I would love to see RRFW put the same effort and intensity into getting the Green River through Deso designated wilderness - the relative impact would be far greater than a river that is already in a National Park.


----------



## Tom Martin (Dec 5, 2004)

*50-50? Please...*

Hi Andy, while the GCPBA and river concessionaires trade association and AW all said it's 50-50, it's not any such thing... 

The 2006 CRMP allows about 14,385 concessions passengers in the summer months and 2,270 do-it-yourselfers in the same summer months. That's not 50-50.

That's 476 commercial launches of up to 32 people compaired to 123 trips of 16 folks or less and 62 trips of 8 folks or less. That's not 50-50 either.

In the winter, when there are no concessions passengers, there are roughly 1,855 do-it-yourself river runners on 120 river trips. 

Cites above 2006 ROD pg 3

This 50-50 is like saying we'll get the middle of the road and you get the shoulders. Or, we'll take the top of the cake with the icing, you get the bottom. 

Yes, the river concessions knew full well they would fracture the boating community with the agreement. Did you read the agreement? I'll post the link again. Do you think going after your organizations members who do not support the plan helps the boating comminity? 

To quote the agreement: "The Parties will use their best efforts to discourage their respective members from engaging in any activities that would, if undertaken by the Parties, be inconsistent with the Joint Recommendations and the terms of this Agreement."

Here's the link:

http://www.gcpba.org/index.php?option=com_content&task=view&id=50&Itemi d=28

Yes, this has split the boating community, just as we said it would when we first accidentally heard about it and let GCPBA memebrs know about it. Remember, the GCPBA never announced the agreement to thier members. To say this split in the river community is RRFW's fault is missing the point, like saying the numbers above are 50-50.

Rich seems to think the National Park would not have come up with a plan if the GCPBA had not made an agreement with the Trade Association. That's rediculous. Remember, the NPS wanted to start changing allocation based on real people wanting real launches, but that was dropped after the agrement came out. 

Rich and I disagree on this as well. The 9th Circuit decission, while still unfortunate, was actually much better than the District Court's even worse decission.

We will have to move forward on this issue, but the GCPBA is in a ten year holding pattern now, while the rest of us try to move the issues inequitable access to and motorization of the Grand Canyon forward. THE Grand Canyon, of all places, deserves much better. 

Yours, Tom


----------



## Chip (Apr 7, 2007)

asleep.at.the.oars said:


> It would be great to have no motors, but that's what people have time for, and having more people see the canyon is what protects it.

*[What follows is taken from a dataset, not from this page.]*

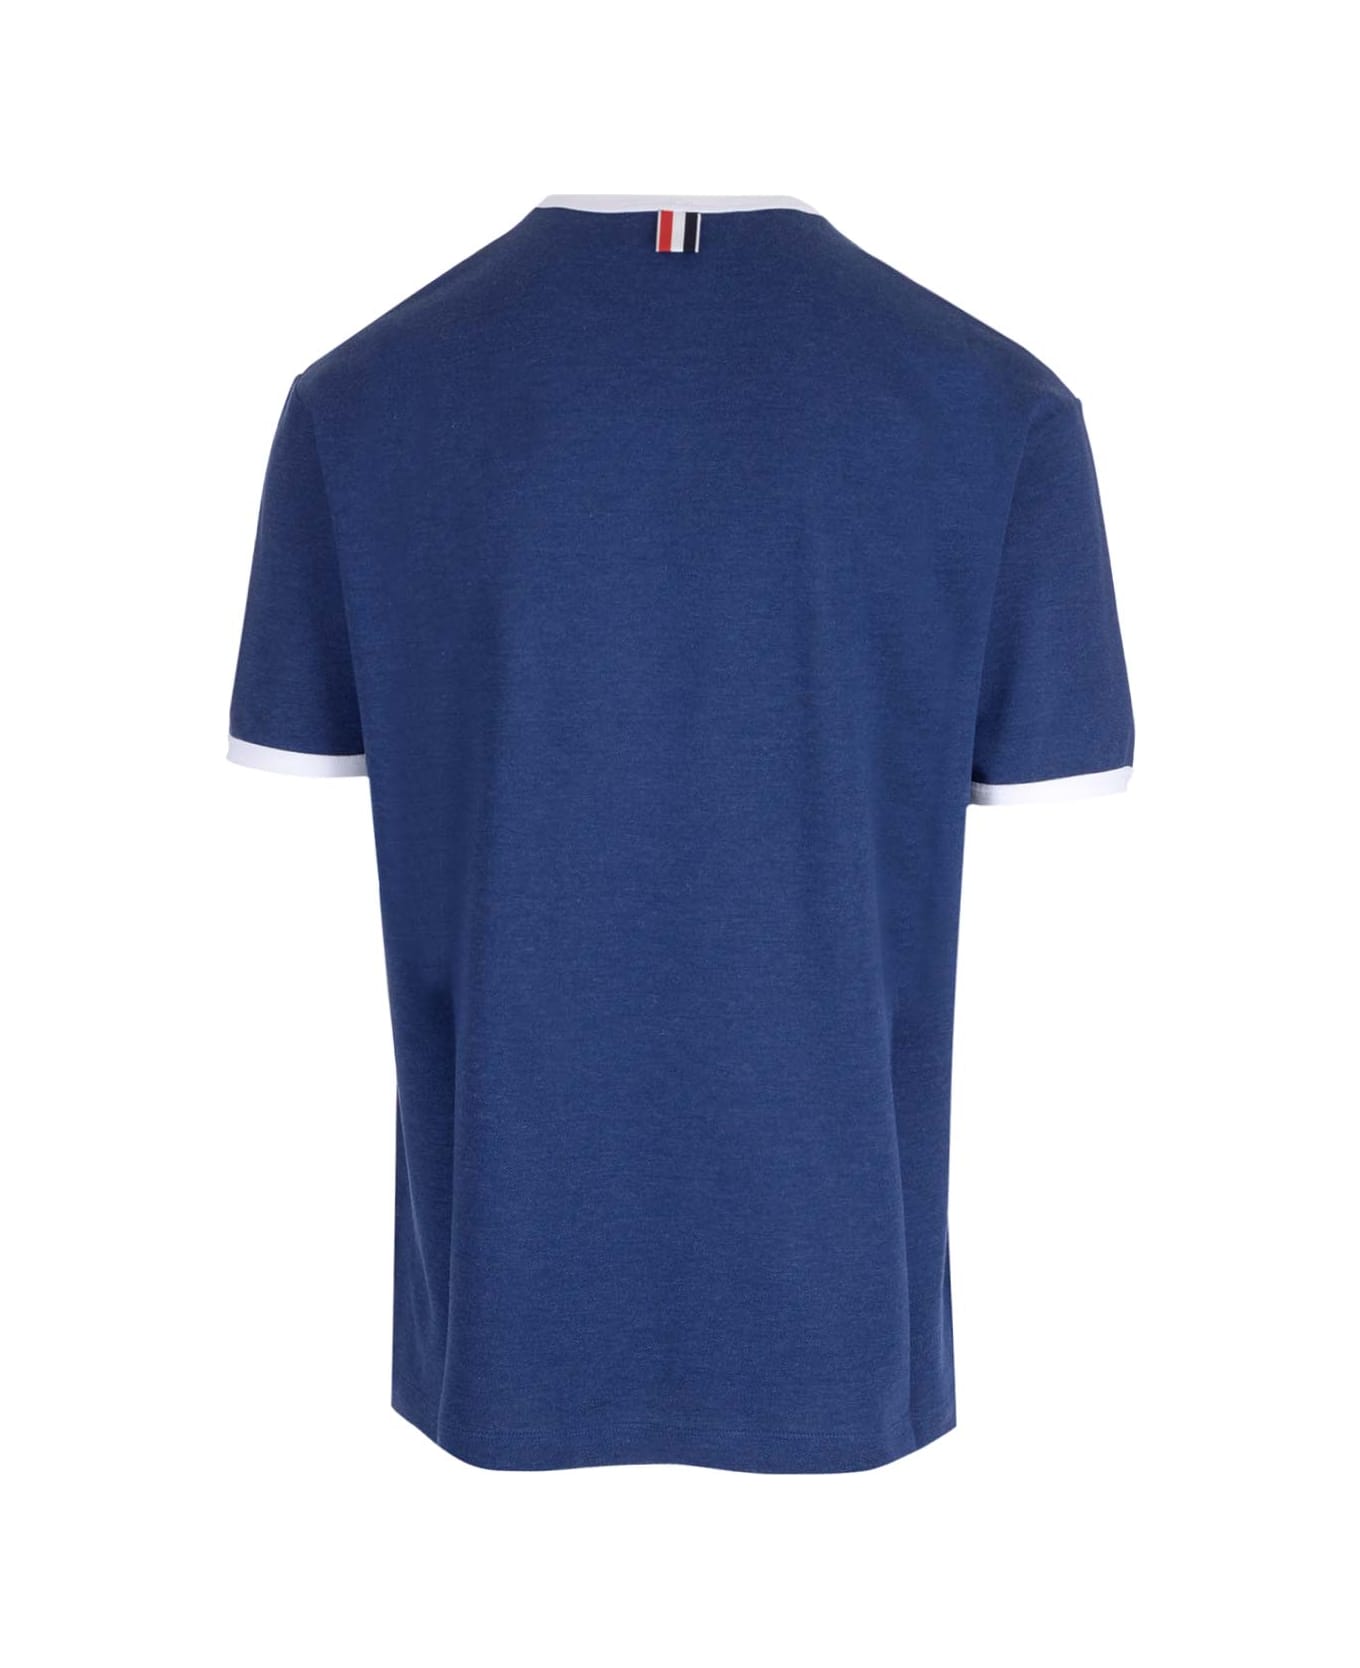 Thom Browne Cotton Piqu -shirt - NAVY

So the ugly bulldozed heliport and the noisy back-to-back flights hauling the commercial dudes out are _protecting_ the Canyon? 

Pretzel logic, at best.


----------



## BackCountry (Nov 22, 2009)

The NPS has always skewed river access in the Grand Canyon strongly in favor of the commercial outfitters. A friend of mine from collage is the person in charge of permitting commercial and private groups. (Sadly this has never helped me draw a permit) I asked him why it was so difficult for private groups to pull a permit. His response was that he has been strictly instructed to make sure that commercial groups got the majority of the permits and to keep permit distribution to private parties at a minimum. The simple fact being that the government makes much more money from commercial groups.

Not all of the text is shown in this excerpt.